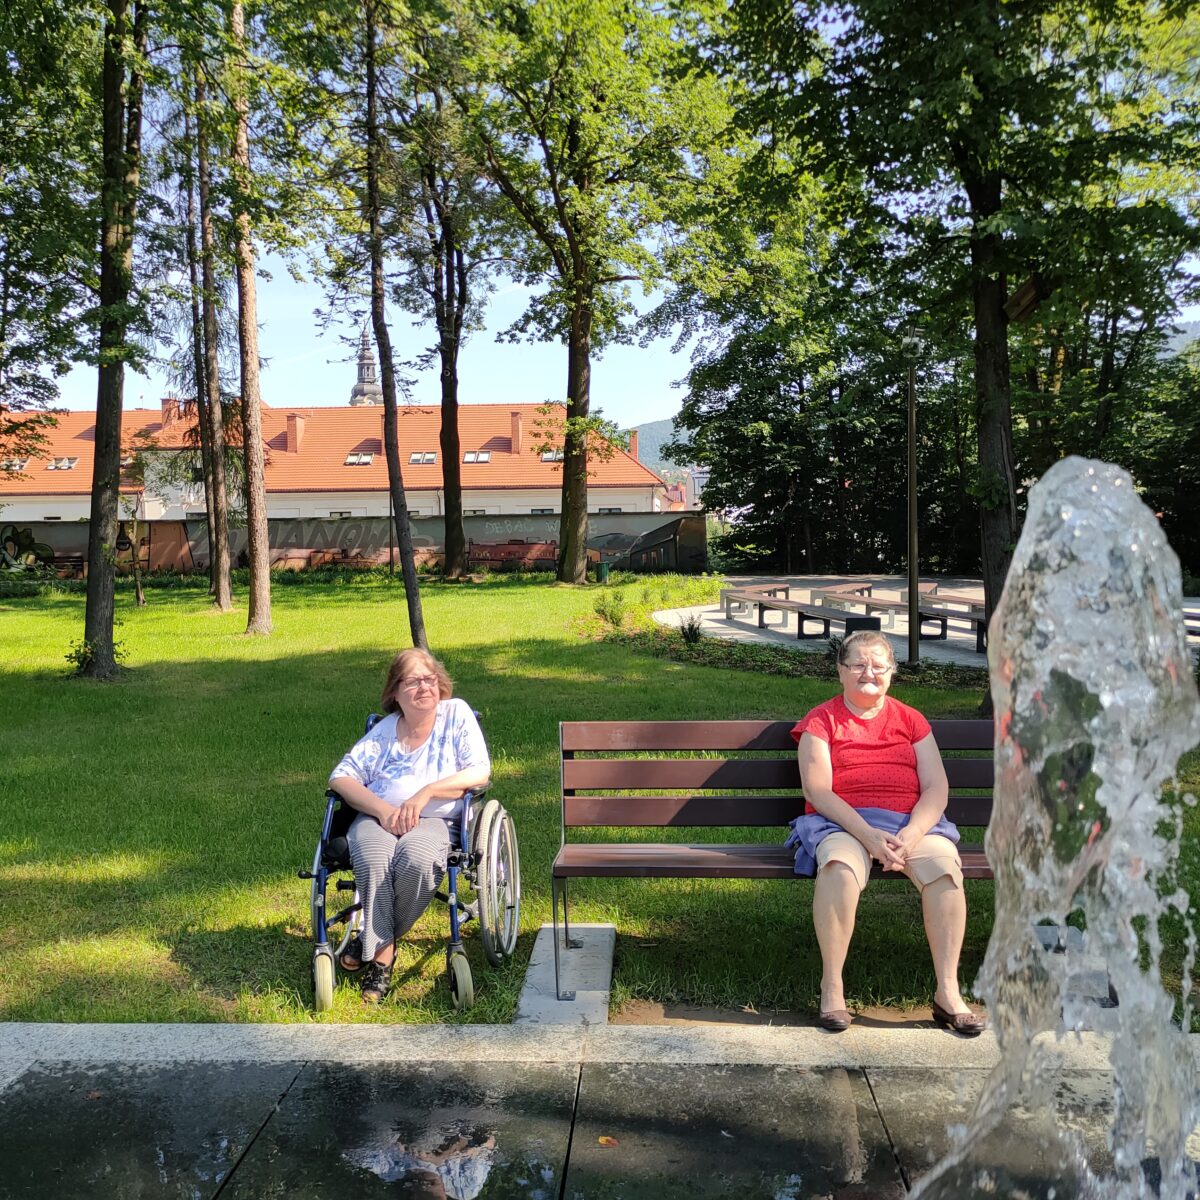 Na ławce siedzi starsza kobieta w czerwonej koszulce, obok ławki na wózku inwalidzkim siedzi druga kobieta. Na pierwszym planie widać wodę z fontanny, w tle drzewa i dach budynku.
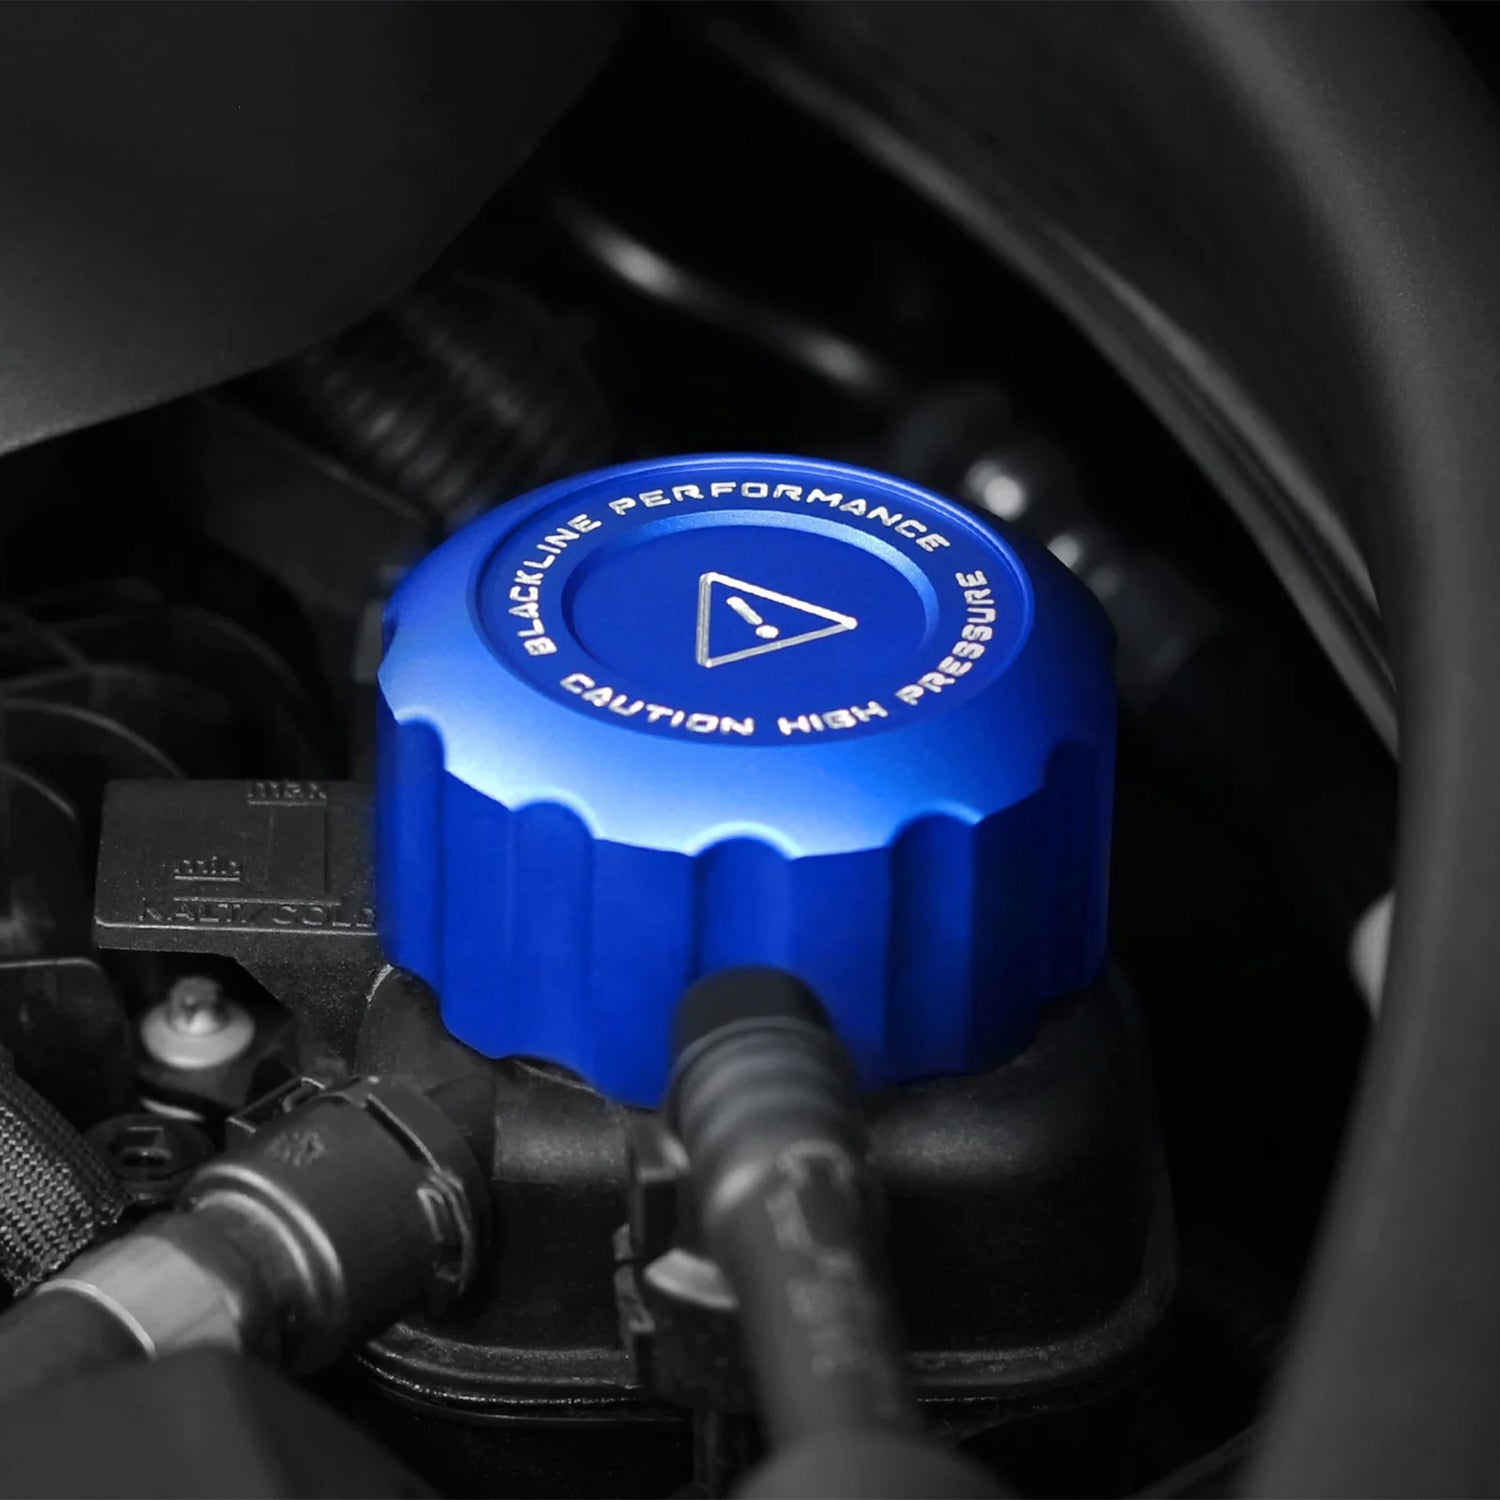 GoldenWrench BMW S58 BLACKLINE Performance Engine Cap Set In Blue
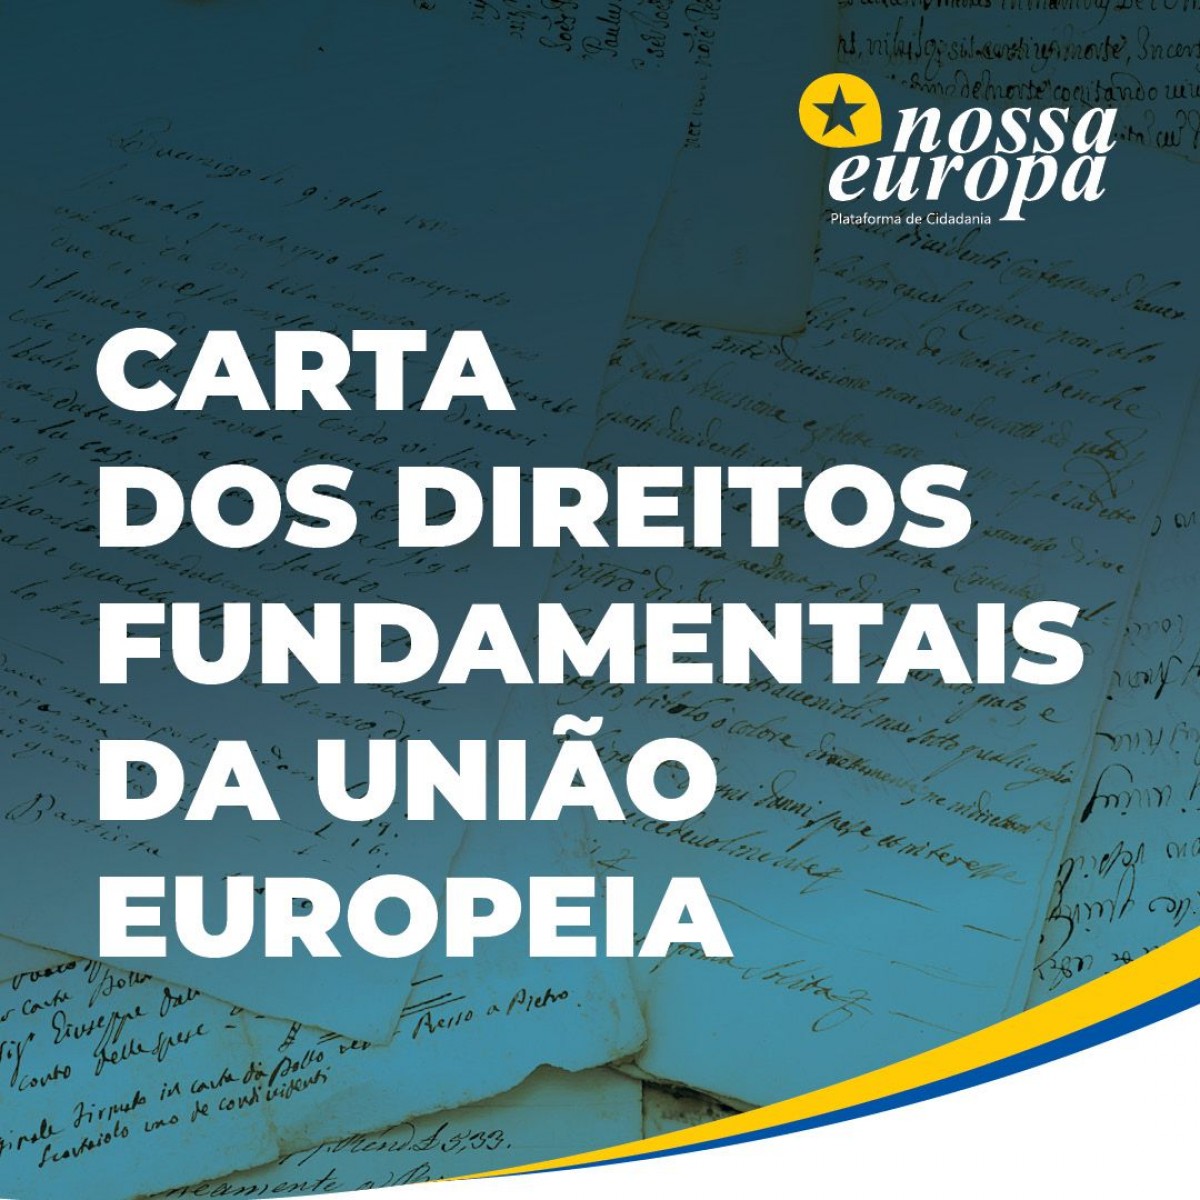 Nossa Europa publica versão da Carta dos Direitos Fundamentais
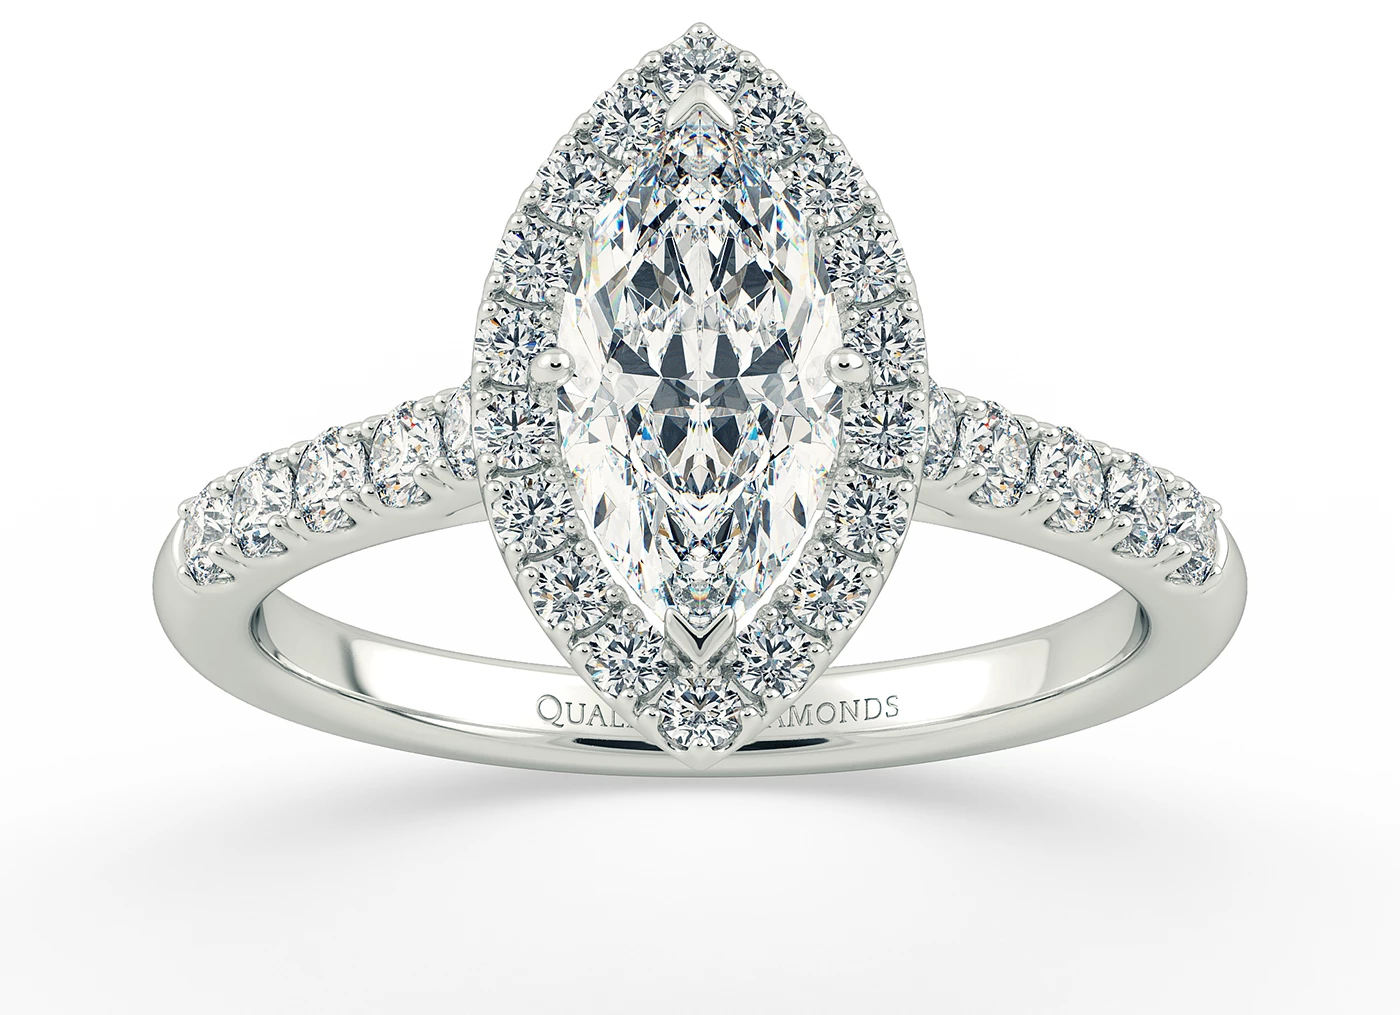 One Carat Marquise Halo Diamond Ring in Platinum 950

━━━━━━━━━━

## What you should do
Return all of the material exactly, without pictures.

## Result for this task
 Na ławce siedzi starsza kobieta w czerwonej koszulce, obok ławki na wózku inwalidzkim siedzi druga kobieta. Na pierwszym planie widać wodę z fontanny, w tle drzewa i dach budynku.
 GoldenWrench BMW S58 BLACKLINE Performance Engine Cap Set In Blue
 Nossa Europa publica versão da Carta dos Direitos Fundamentais
 One Carat Marquise Halo Diamond Ring in Platinum 950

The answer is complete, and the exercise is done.